DRAC firmware upgrades codfw (was: Flapping codfw management alarm ( contint2001.mgmt/SSH is CRITICAL ))
Closed, ResolvedPublic

Description

I recently started receiving notification alarms from Icinga for contint2001.mgmt/SSH):

Notification Type: PROBLEM

Service: SSH
Host: contint2001.mgmt
Address: 10.193.2.250
State: CRITICAL

That seems rather recent:

contint2001-mgmt-ssh.png (300×900 px, 32 KB)

https://icinga.wikimedia.org/cgi-bin/icinga/histogram.cgi?host=contint2001.mgmt&service=SSH

Kunal stated that it might be the codfw network flapping somehow but we could not find a related task.

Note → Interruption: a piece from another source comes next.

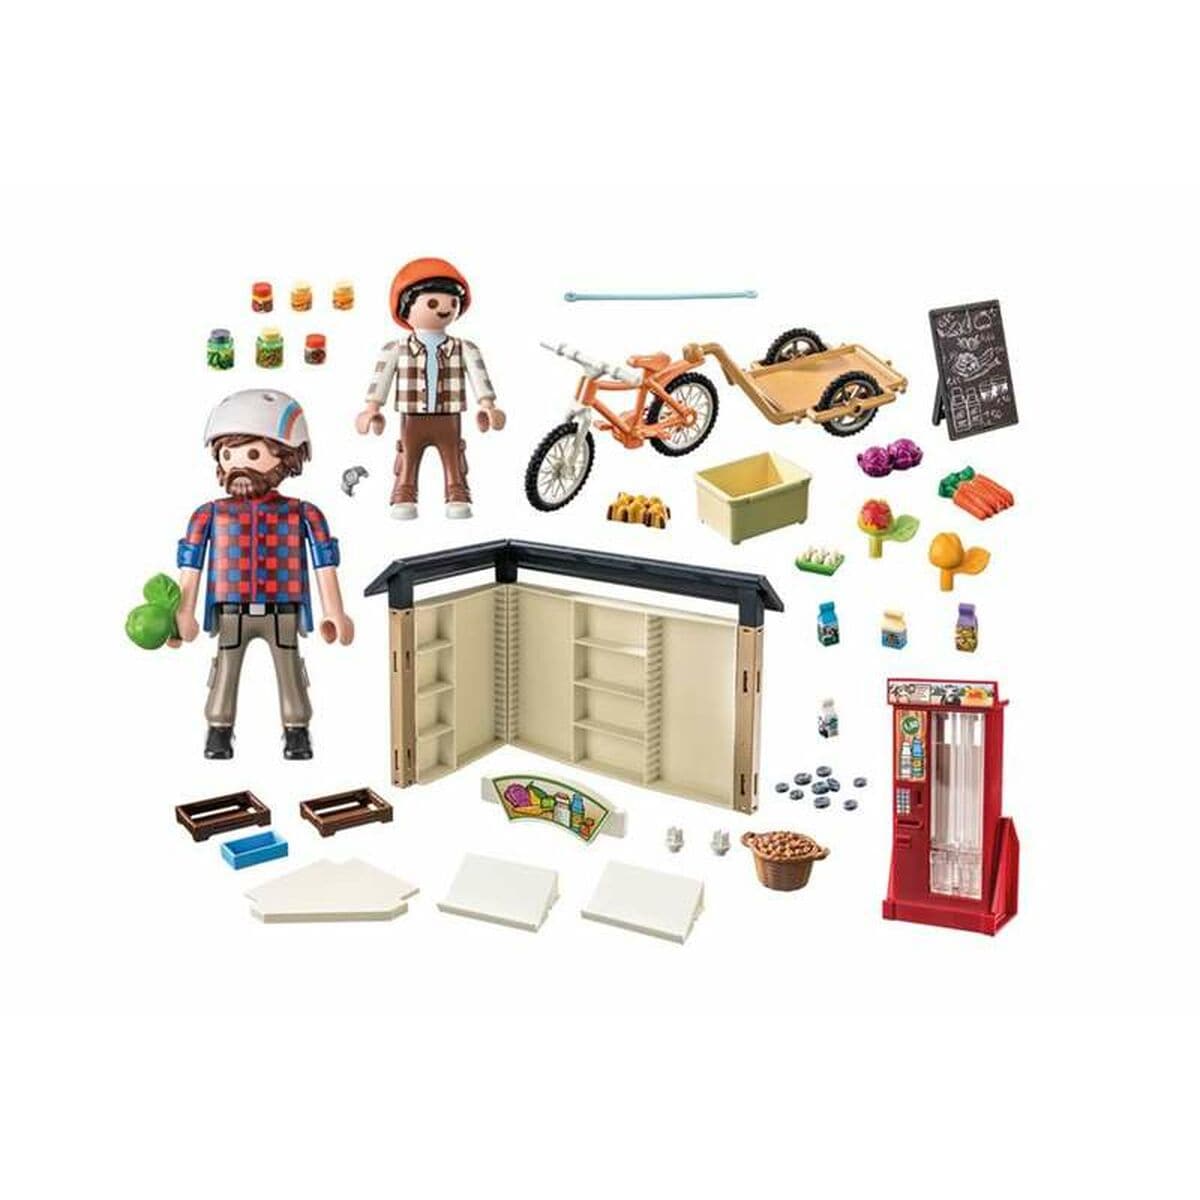 Playmobil Spielzeug | Kostüme > Spielzeug und Spiele > Weiteres spielzeug Playset Playmobil 71250 24-Hour Farm Store 83 Stücke

statushostversionNew versionBIOS versionNew BIOS versionComments
[x]ores2005.mgmt2.402.81
[x]gerrit2001.mgmt2.212.81
[x]ms-fe2006.mgmt2.402.81
[x]wdqs2001.mgmt2.302.81
[x]wdqs2002.mgmt2.302.81
[]logstash2021.mgmtoffline
[]logstash2022.mgmtoffline
[]contint2001.mgmt2.21
[x]mw2253.mgmt2.402.812.3.42.12Reset IDRAC
[x]mw2255.mgmt2.402.812.3.42.13Reset IDRAC

Event Timeline

Marostegui edited projects, added serviceops, netops; removed SRE.
Marostegui added subscribers: Legoktm, Marostegui.

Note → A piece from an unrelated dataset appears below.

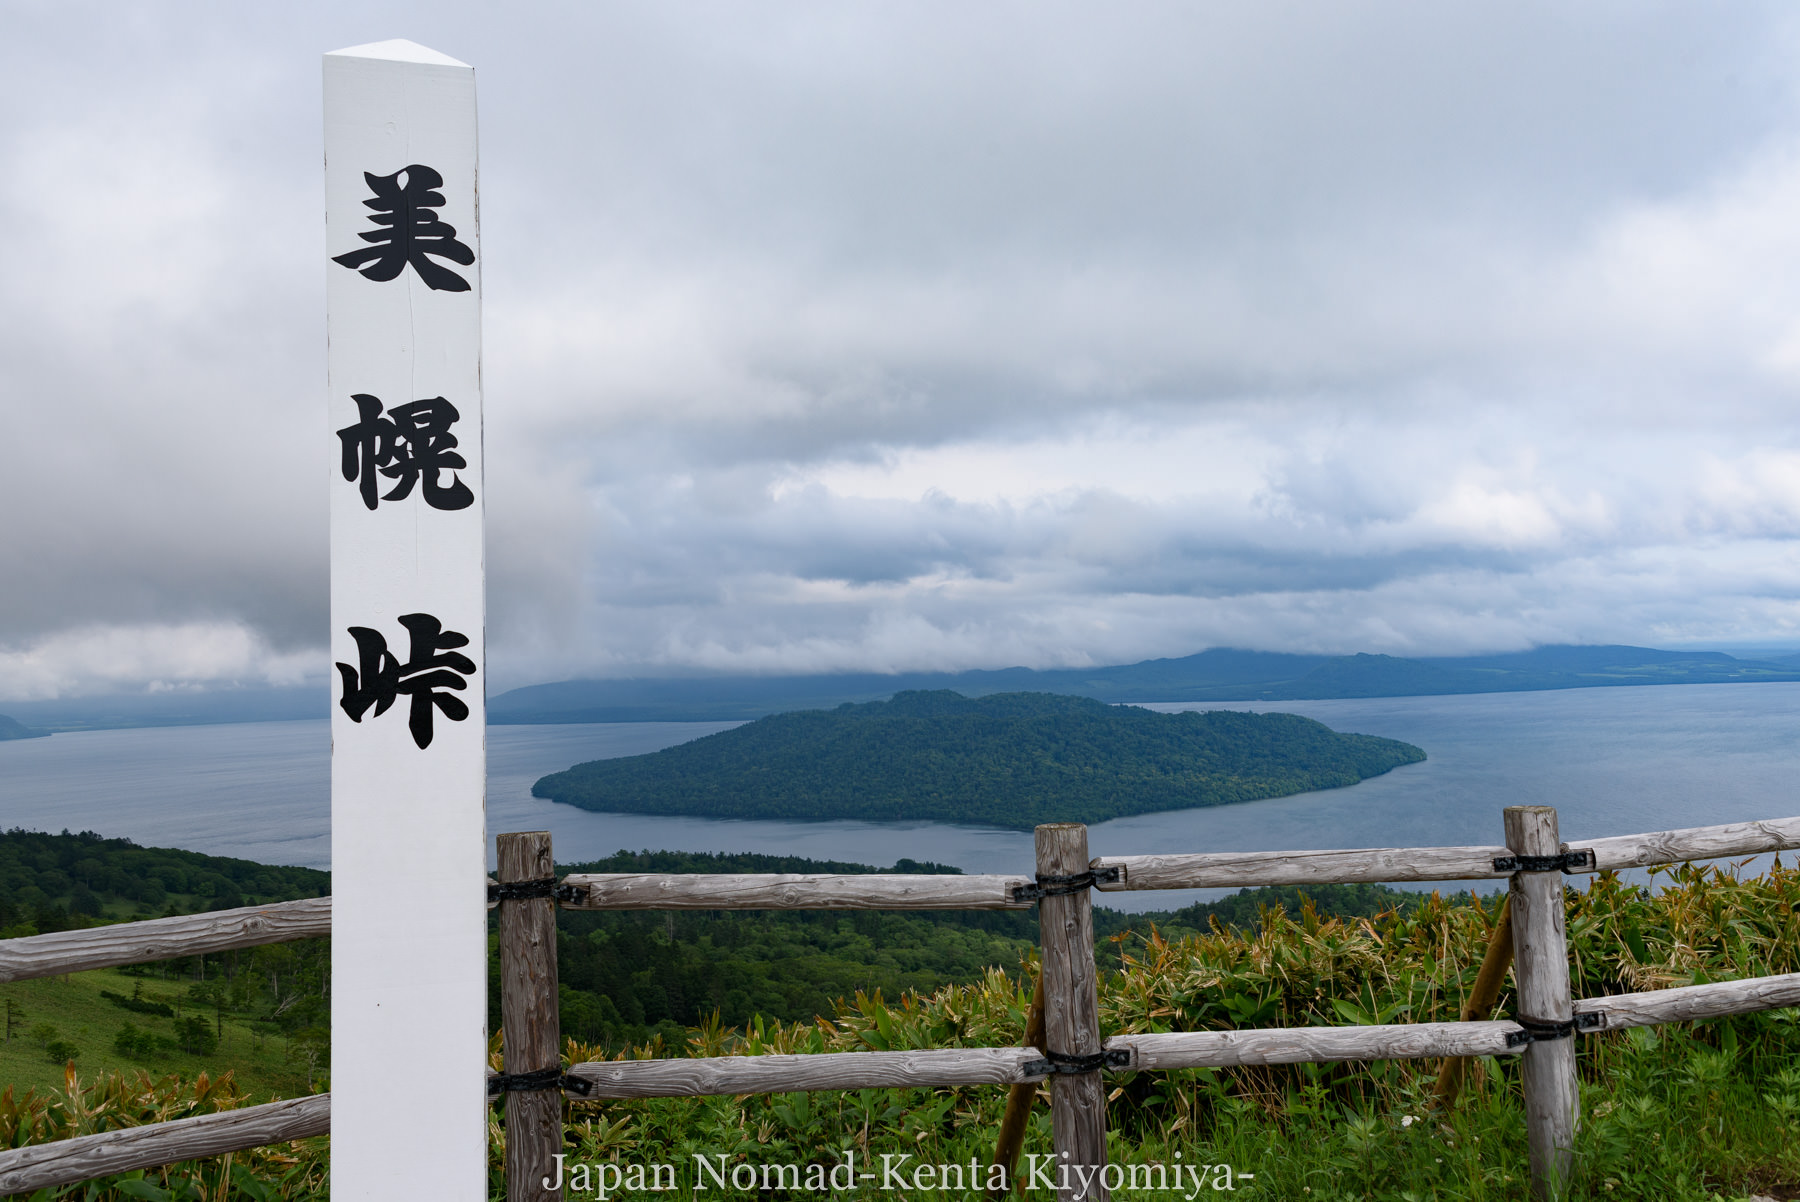 旅96日目 霧の中から大逆転 美幌峠から見下ろす絶景 Japan Nomad

Tagging also netops in case they can help out

I'd defer to DCops
mgmt is connected to un-managed switches, so we don't have much visibility on this side.
Either the server's mgmt port is faulty, or the software, or the cable or the switch port.
I'd recommend to try to change/fix each of them until it's fully fixed, starting with the low hanging ones.

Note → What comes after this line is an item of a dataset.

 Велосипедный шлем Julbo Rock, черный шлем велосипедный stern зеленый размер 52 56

Looking at the alarm history since midnight UTC at https://icinga.wikimedia.org/cgi-bin/icinga/history.cgi?host=all , I have filtered out alarms matching 2\d\d\d.mgmt. There are a few hosts:

contint2001.mgmt
gerrit2001.mgmt
logstash2021.mgmt
logstash2022.mgmt
wdqs2001.mgmt

Though they are in different rows / racks in the datacenter.

I can confirm since a while these have been happening. The pattern is always:

  • only mgmt
  • only codfw
  • random host
  • resolves itself shortly after

That makes me think it should be the management switch.

ACKed some more today, gerrit2001.mgmt, wdqs2002.mgmt

That is still happening from time to time. Any person or team I can raise this too?

@hashar This should be between netops and dcops I think.

Clearing a few projects. @ayounsi mentioned at T283582#7111164 that it is most probably an issue with an unmanaged switch for the management network.

cmooney added a project: netops.
cmooney added a subscriber: cmooney.

Thanks @hashar. I would agree with @ayounsi's analysis, if considering contint2001.mgmt in isolation.

But given your subsequent reply and Daniel's response confirming it is spread across racks/rows, but confined to codfw, I think it's unlikely to be the result of issues on the unmanaged management switches. It's unlikely we'd have multiple of them faulty, and restricted only to codfw. It's not impossible that we purchased a dodgy batch of Cat5 cables which have been used there, I did experience an issue like that before, but it's extremely unlikely.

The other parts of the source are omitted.